As was the case in the [data management demos](db-management), we need to strip out double quote (") symbols as BigQuery tries to interpret these as beginning and ending fields.
In the `Add Data` form, it looks like we can only add a single file at a time, so for this test, I'll just add one file.
Let's see if we can now query the new table in the new dataset from R as done previously with the public Stack Overflow dataset.
```{r, eval=TRUE}
db<- dbConnect(drv,
project = myproject,
dataset = "wiki_test",
billing = myproject
)
dbListTables(db)
dbListFields(db, 'webtraffic')
```
Now let's run a simple query:
```{r, eval=TRUE}
sql <- "select * from webtraffic limit 5"
dbGetQuery(db, sql)
```
It worked!
### 3.2 Loading from Google Cloud Storage
Now let's load multiple files all at once from Google Cloud Storage (GCS).
First we'll take 10 of the files of the cleaned (no double quotes) Wikipedia data and put them in GCS. Through the [GCS web interface](https://console.cloud.google.com/storage), I'll create a bucket named `wikipedia-cleaned-data` and upload the files.
Now select `Add Data` in the BigQuery interface.
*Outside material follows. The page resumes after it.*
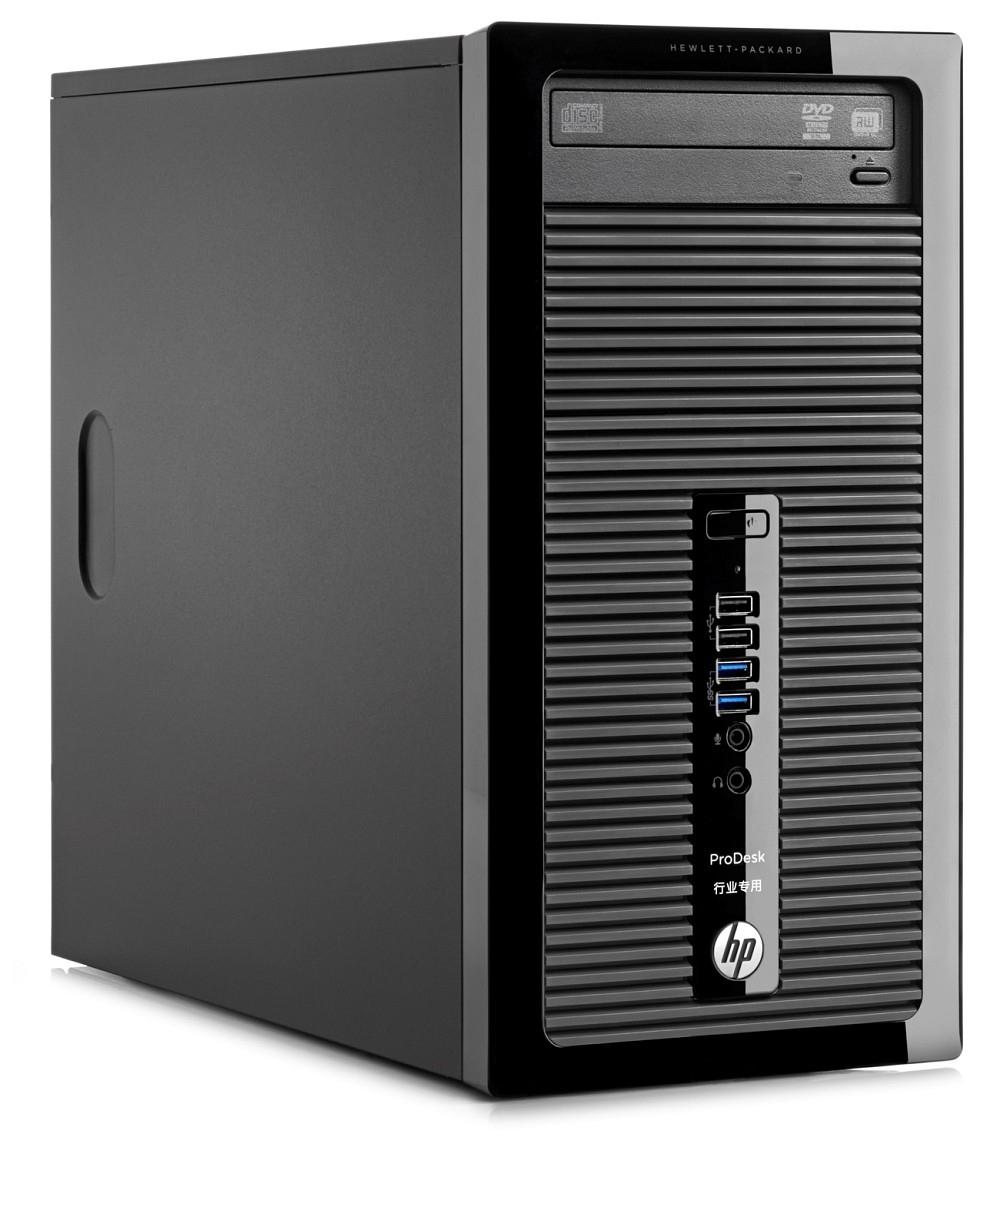 HP-ProDesk-400-g3-i3-4go-500go-HDD-w10

We'll select the source as `Google Cloud Storage`, the file format as CSV (with the custom separator of a space character) and use a "URI pattern" to select all 10 of the files: `wikipedia-cleaned-data/part-*`. We'll name this dataset `wikipedia`.
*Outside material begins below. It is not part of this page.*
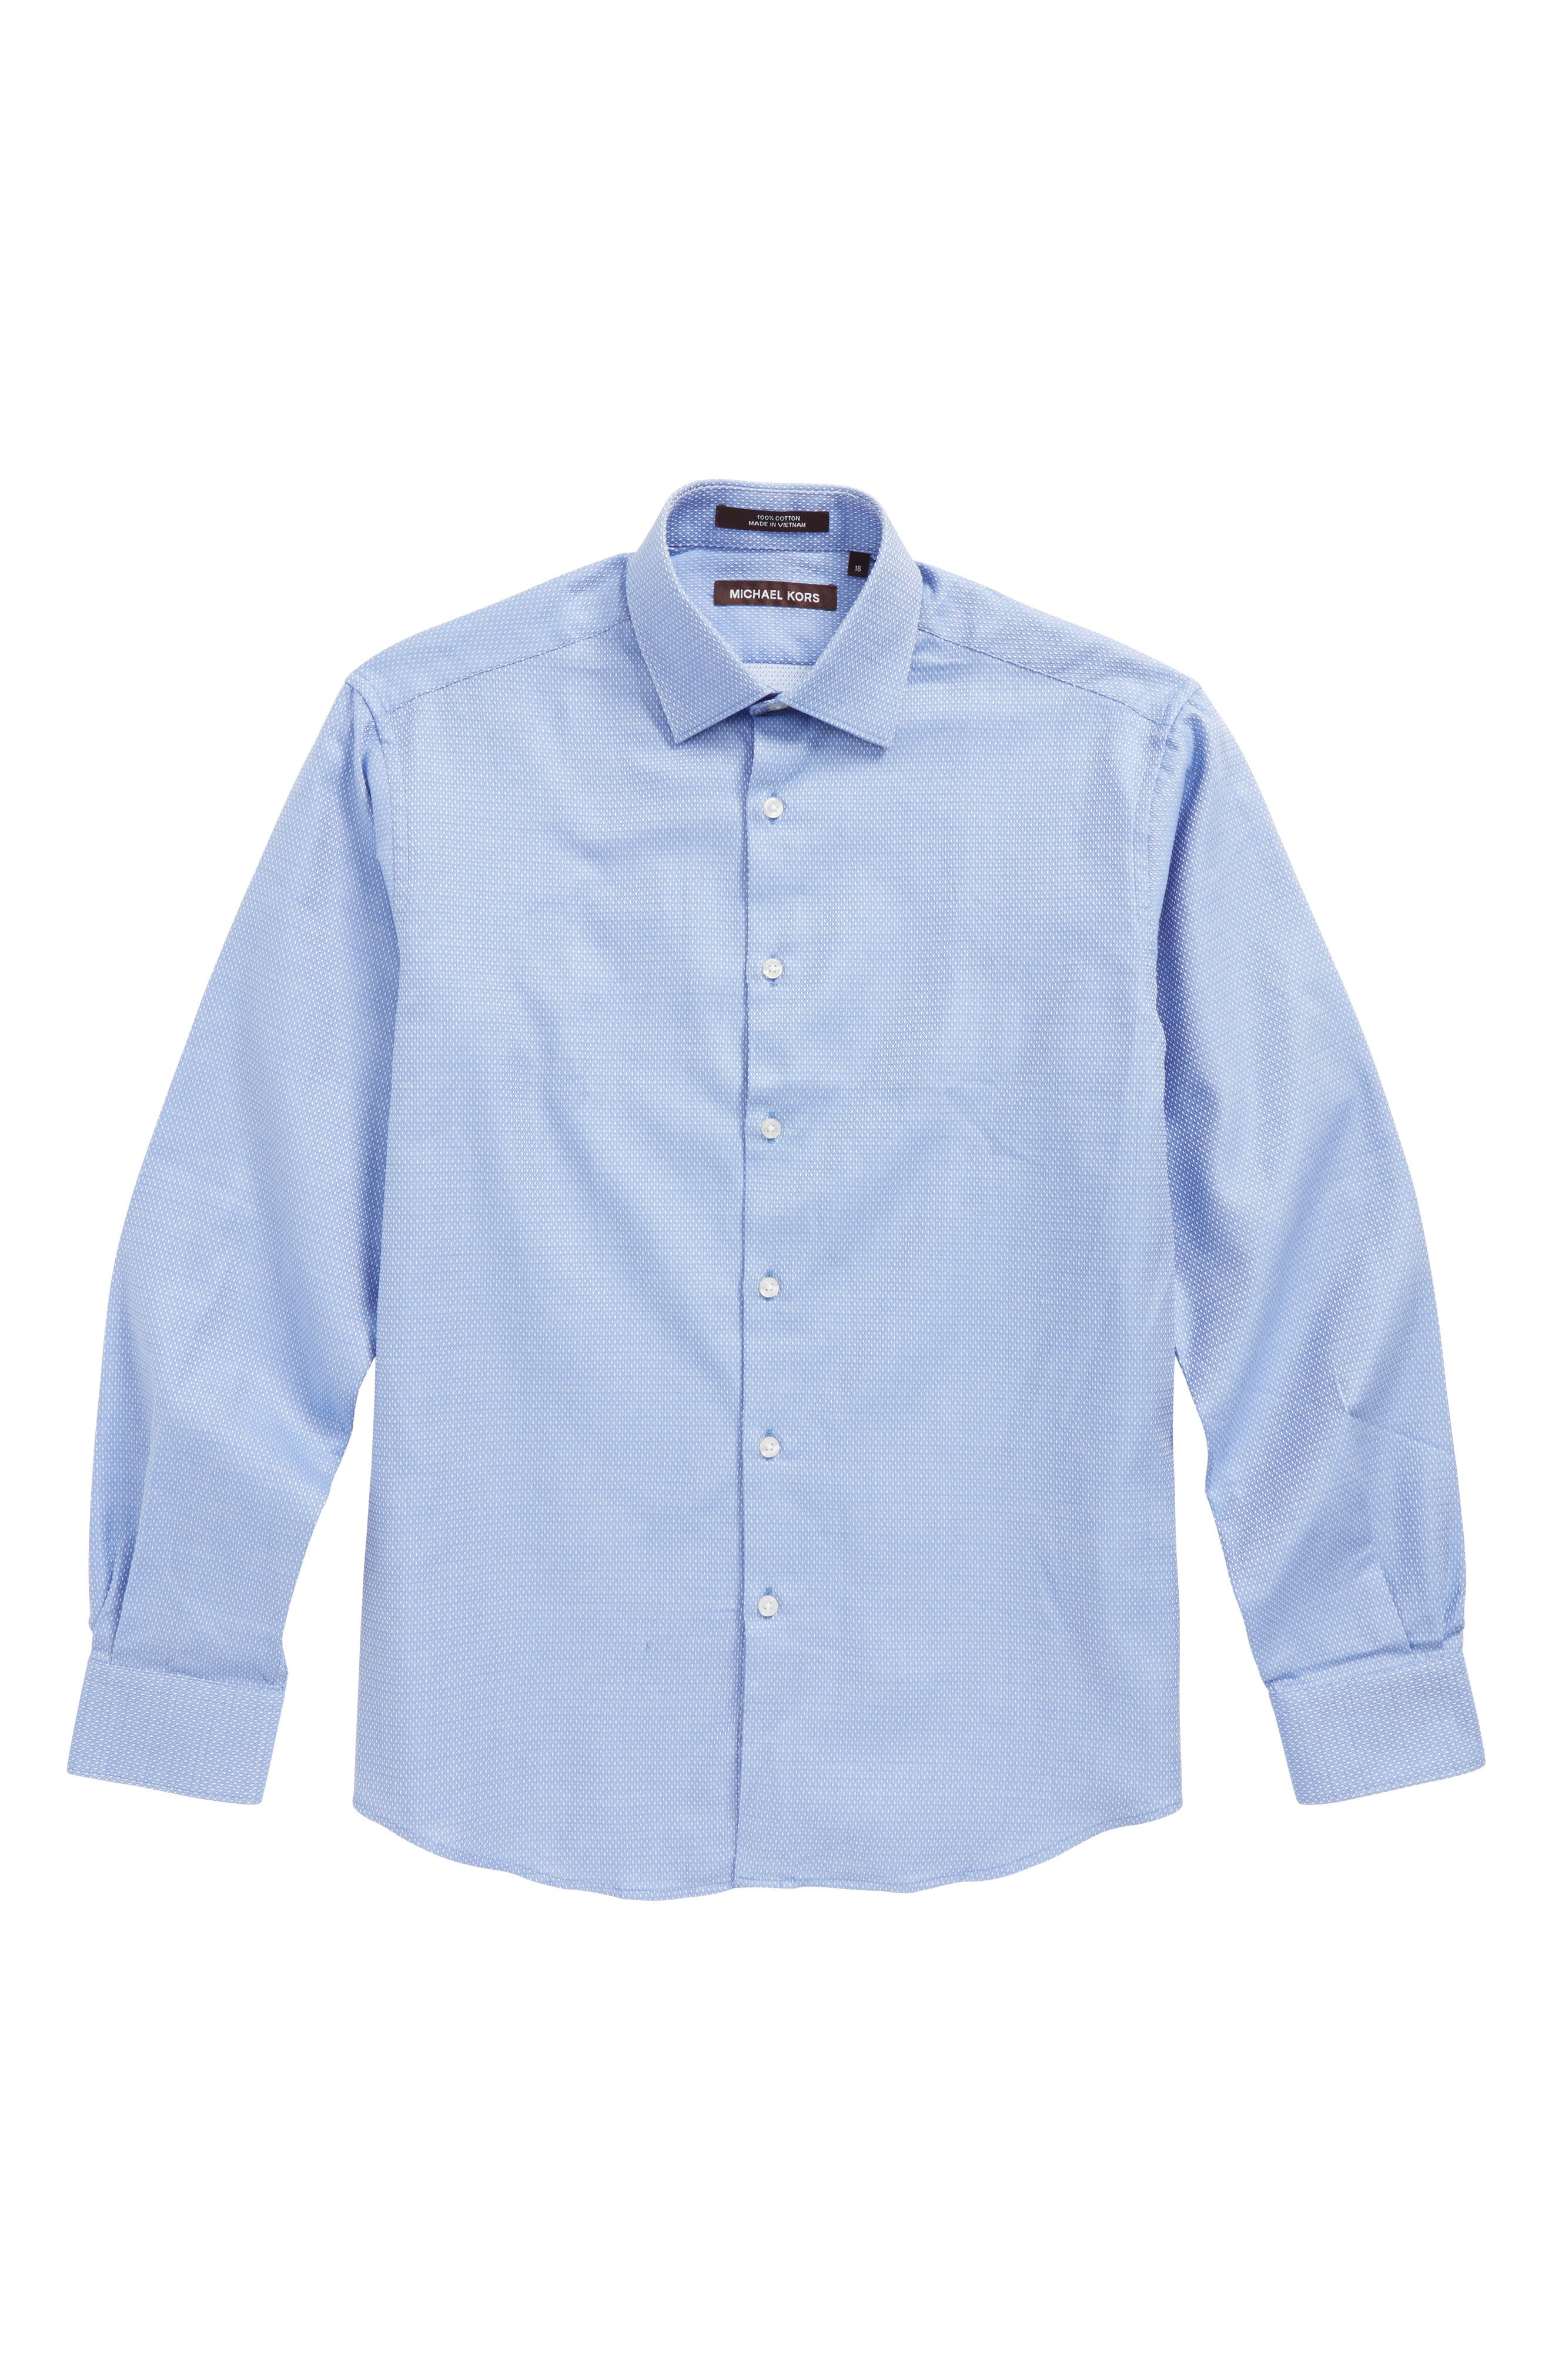 Alternate Image 1 Selected - Michael Kors Micro Dot Dress Shirt (Big Boys)

We can now run the same query as above on the new (larger) dataset:
```{r, eval=TRUE}
db<- dbConnect(drv,
project = myproject,
dataset = "wikipedia",
billing = myproject
)
dbListTables(db)
dbListFields(db, 'webtraffic')
```
Now let's run a simple query:
```{r, eval=TRUE}
sql <- "select * from webtraffic limit 5"
dbGetQuery(db, sql)
```
### 3.3 Permissions
I did this using my Google Cloud account, which is an owner of the GCP account and so has various BigQuery permissions already set to allow various actions, including creating or modifying BigQuery datasets.
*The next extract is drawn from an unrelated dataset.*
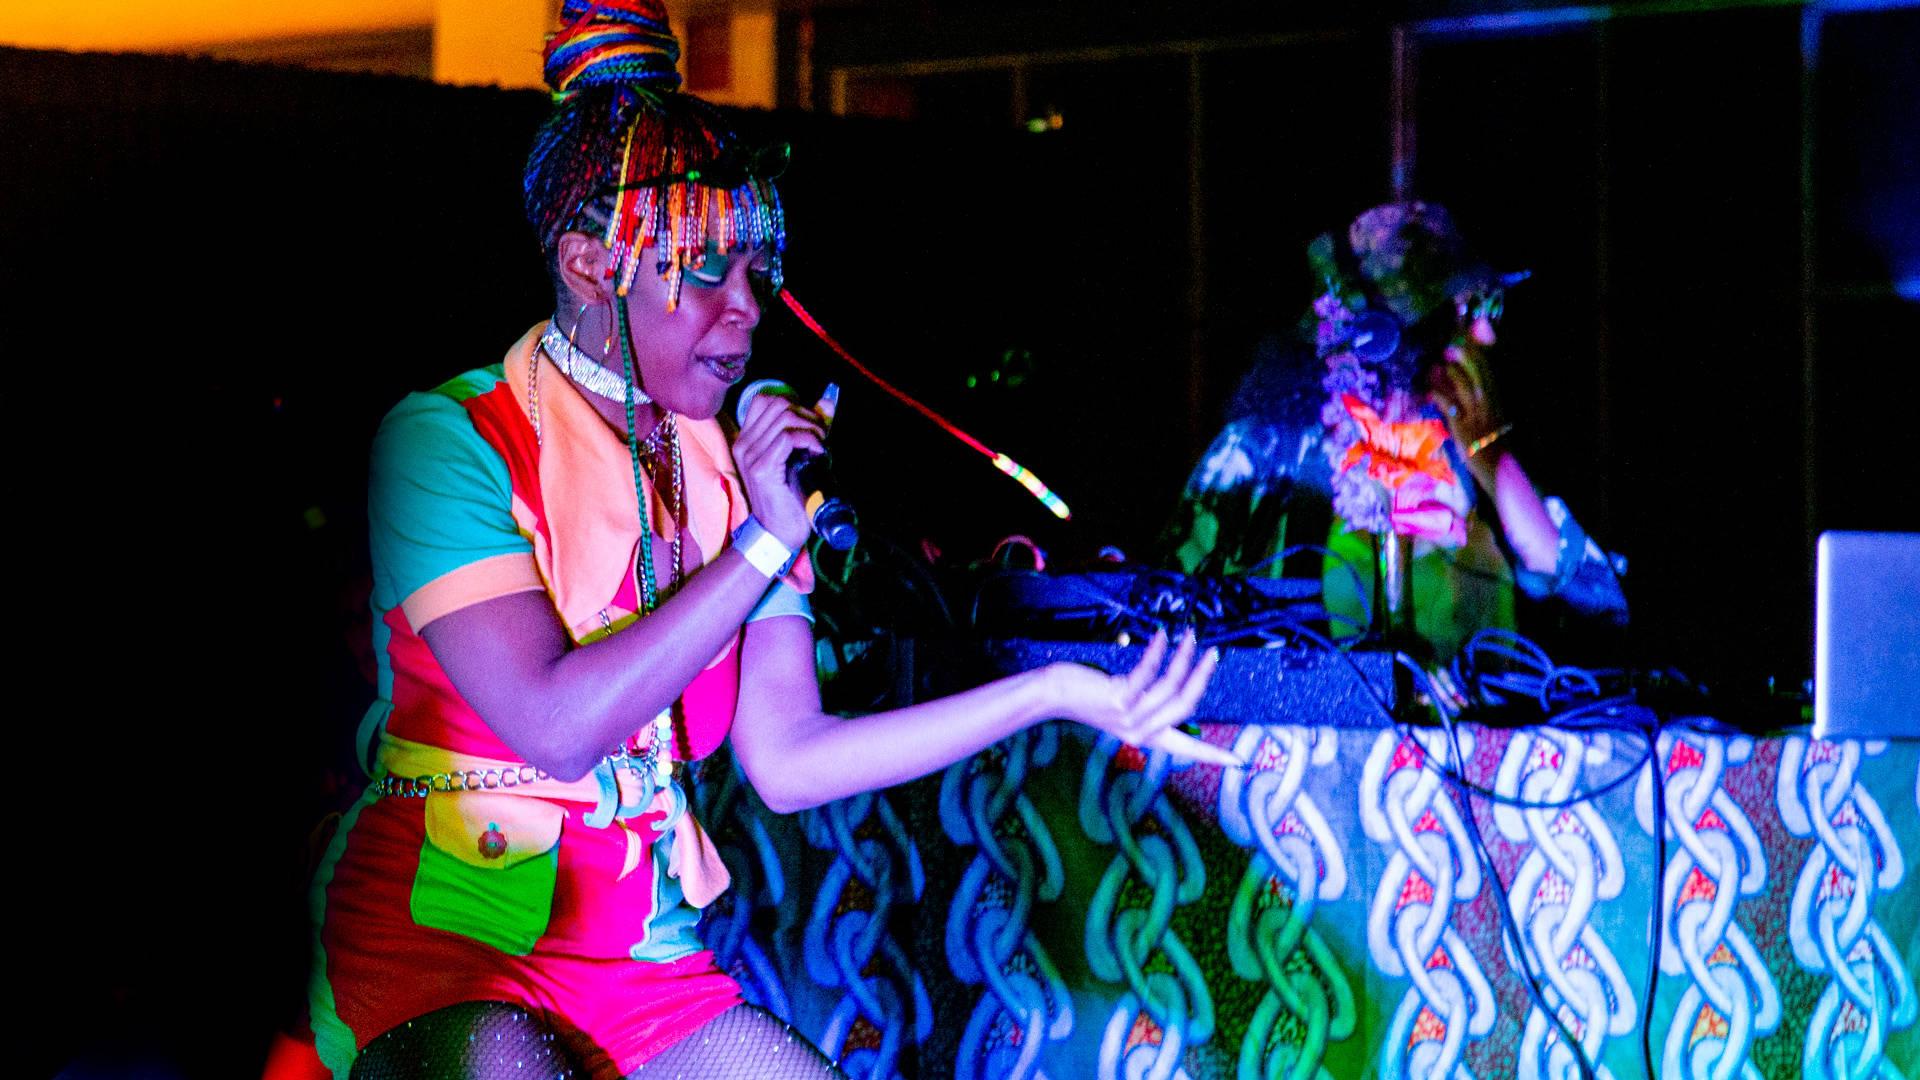 Bbymutha plays FEELS 6 at The Craneway Pavilion in Richmond on Saturday, June 16. (Estefany Gonzalez)

If you (as recommended) are using an IAM account, you are likely to need to set [some permissions for the account](https://cloud.google.com/bigquery/docs/access-control) to create or modify BigQuery datasets. In particular, as discussed [here](https://cloud.google.com/bigquery/docs/batch-loading-data) you need the following IAM permissions set:
- bigquery.tables.create
- bigquery.tables.updateData
- bigquery.tables.update
- bigquery.jobs.create
You can set these permissions by adding one of various IAM roles (e.g., `roles/bigquery.dataEditor`,
`roles/bigquery.dataOwner`, `roles/bigquery.admin`, `bigquery.user`, or `bigquery.jobUser`).